Borza Victor A, Estornell Andrew, Clayton Ellen Wright, Ho Chien-Ju, Rothman Russell L, Vorobeychik Yevgeniy, Malin Bradley A
Vanderbilt University, Nashville, TN.
ByteDance Research, San Jose, CA.
AMIA Annu Symp Proc. 2025 May 22;2024:192-201. eCollection 2024.

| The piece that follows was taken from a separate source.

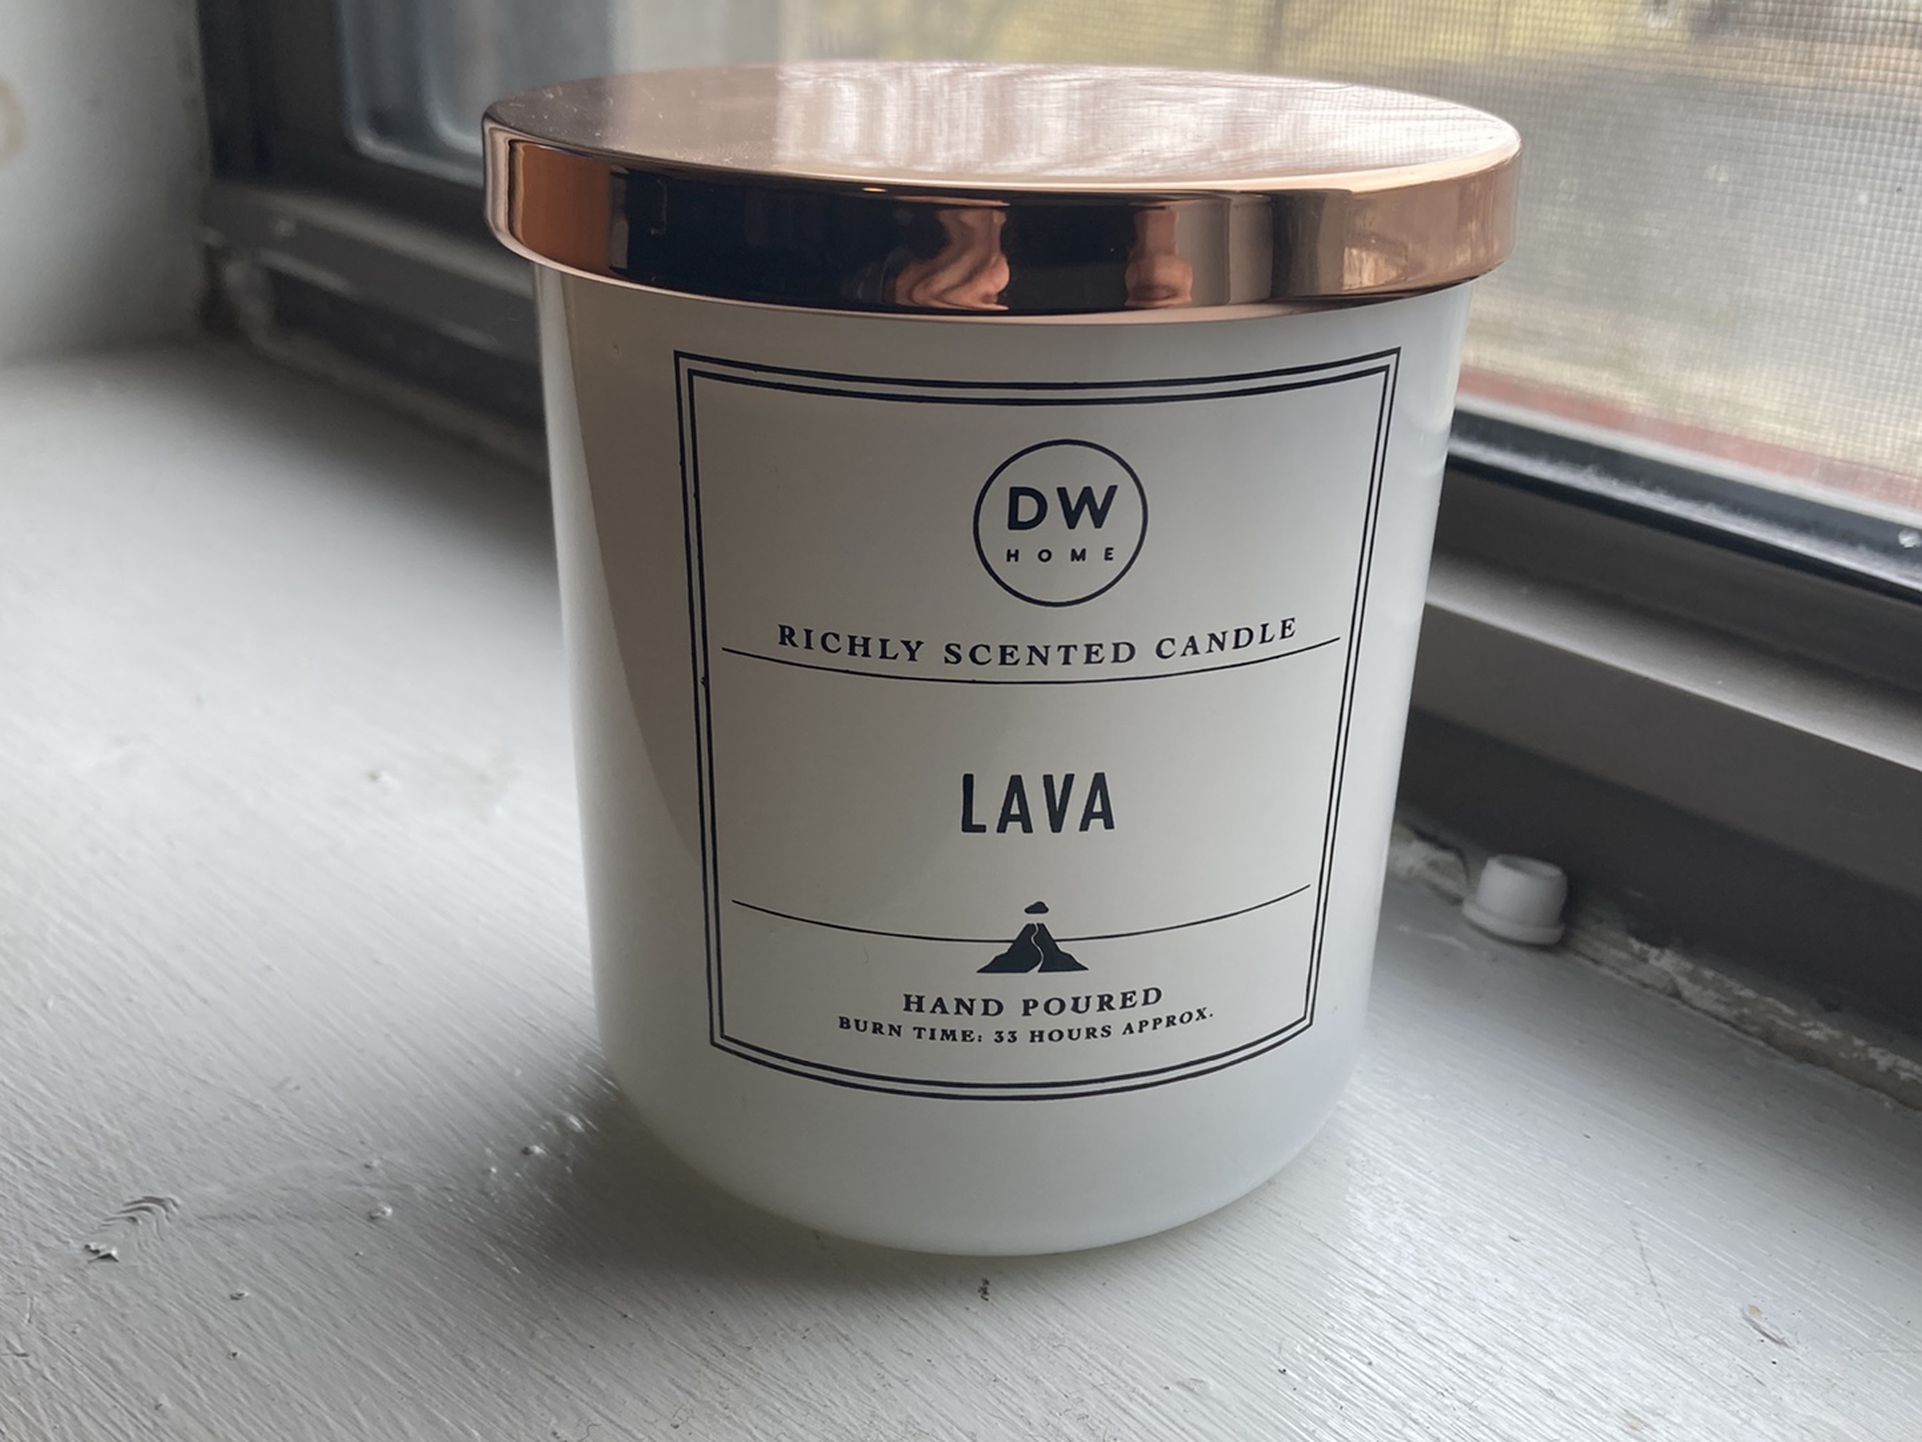 Brand New DW Home Lava candle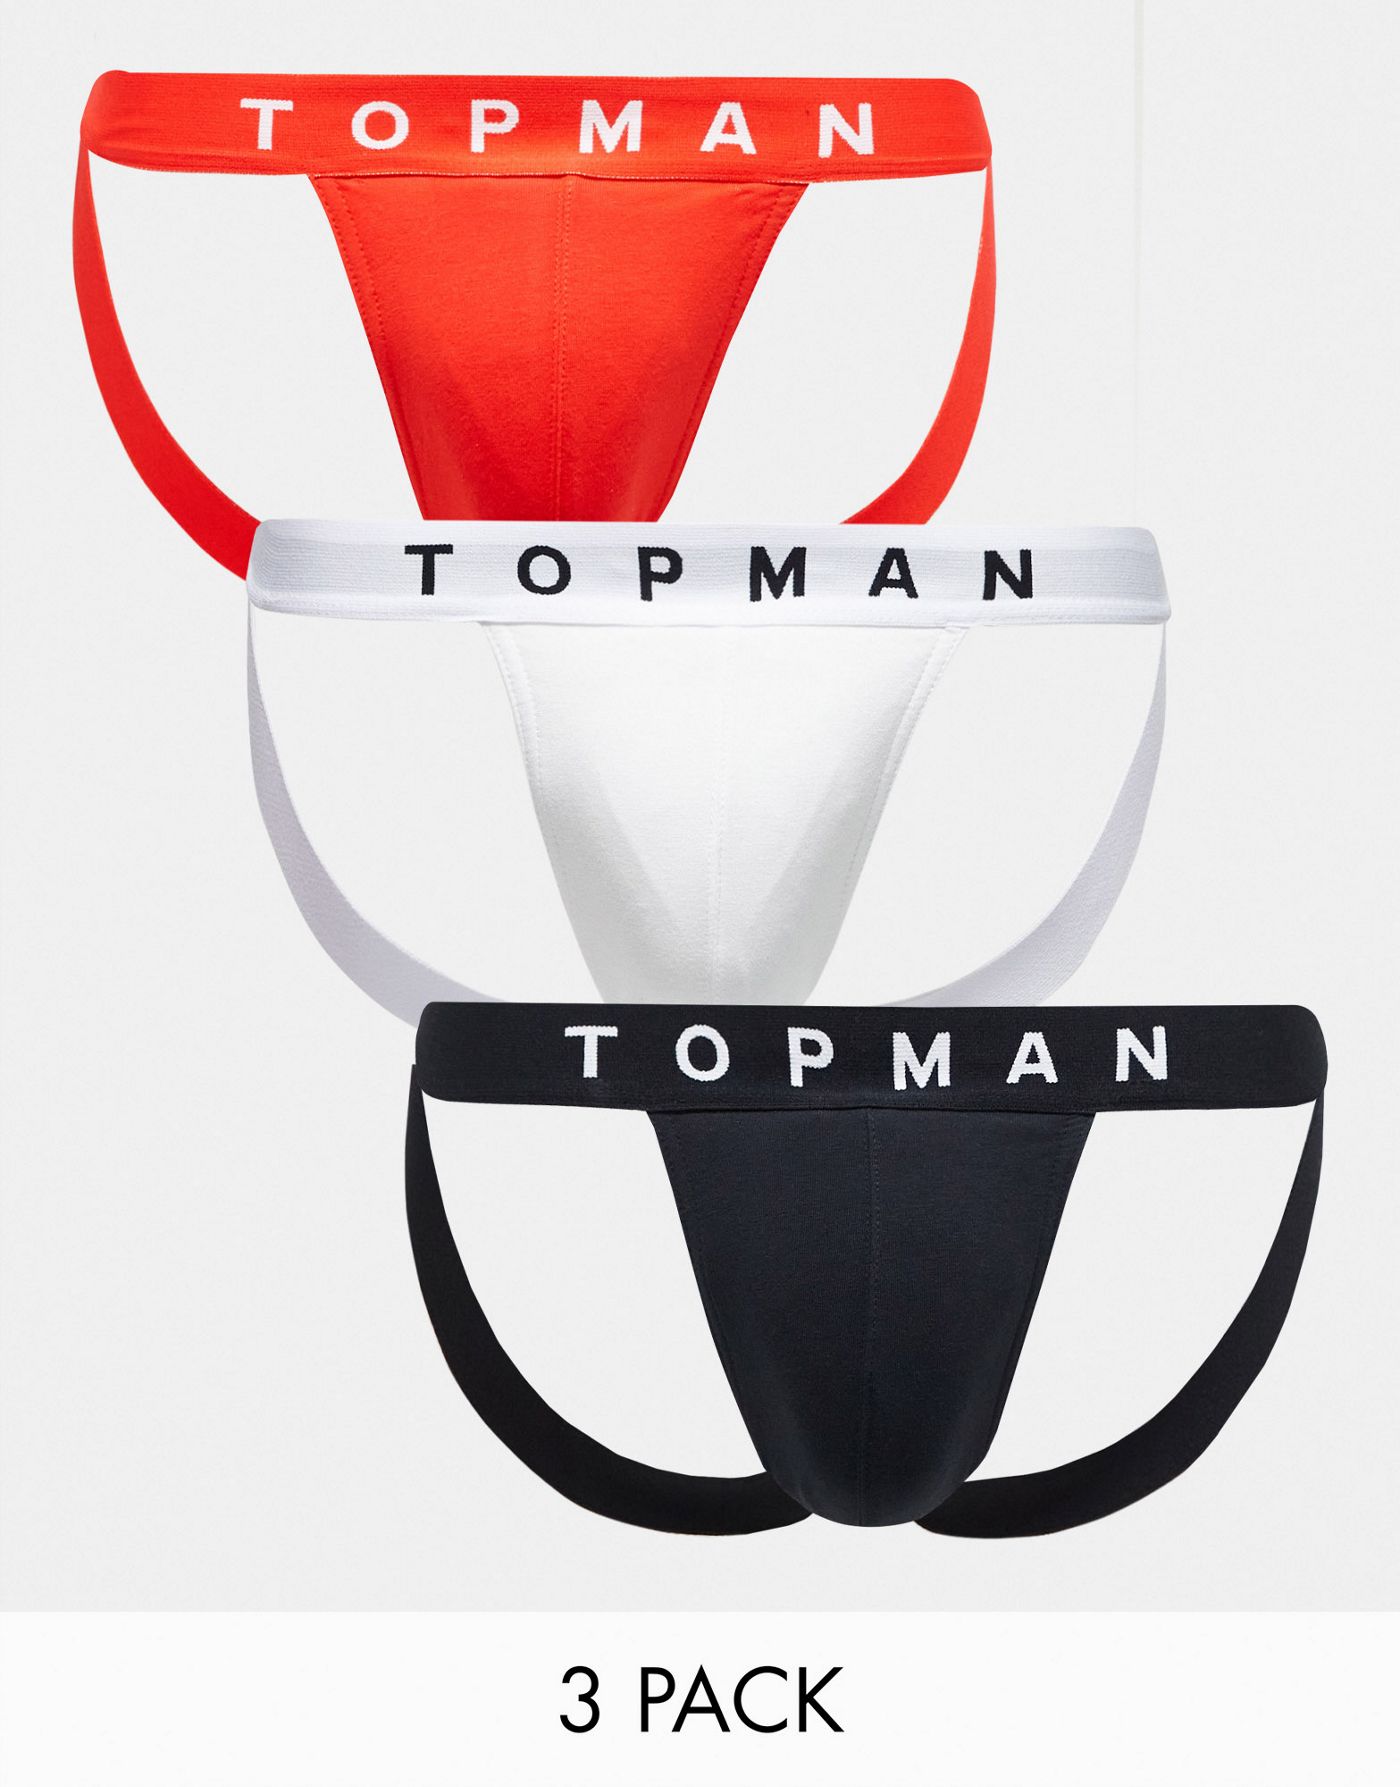 Topman 3 pack jocks in white, black and red with white waistbands

Large participatory biomedical studies - studies that recruit individuals to join a dataset - are gaining popularity and investment, especially for analysis by modern AI methods. Because they purposively recruit participants, these studies are uniquely able to address a lack of historical representation, an issue that has affected many biomedical datasets. In this work, we define representativeness as the similarity to a target population distribution of a set of attributes and our goal is to mirror the U.S. population across distributions of age, gender, race, and ethnicity. Many participatory studies recruit at several institutions, so we introduce a computational approach to adaptively allocate recruitment resources among sites to improve representativeness. In simulated recruitment of 10,000-participant cohorts from medical centers in the STAR Clinical Research Network, we show that our approach yields a more representative cohort than existing baselines. Thus, we highlight the value of computational modeling in guiding recruitment efforts.
大型参与式生物医学研究——即招募个体加入数据集的研究——正越来越受欢迎并获得投资,尤其是在采用现代人工智能方法进行分析方面。由于这些研究是有目的地招募参与者,它们特别能够解决历史代表性不足的问题,而这一问题已经影响了许多生物医学数据集。在这项工作中,我们将代表性定义为一组属性与目标人群分布的相似性,我们的目标是在年龄、性别、种族和民族分布方面反映美国人群。许多参与式研究在多个机构进行招募,因此我们引入一种计算方法,以便在各站点之间自适应地分配招募资源,从而提高代表性。在模拟从STAR临床研究网络的医疗中心招募10000名参与者队列的过程中,我们表明,与现有的基线相比,我们的方法产生的队列更具代表性。因此,我们强调了计算建模在指导招募工作中的价值。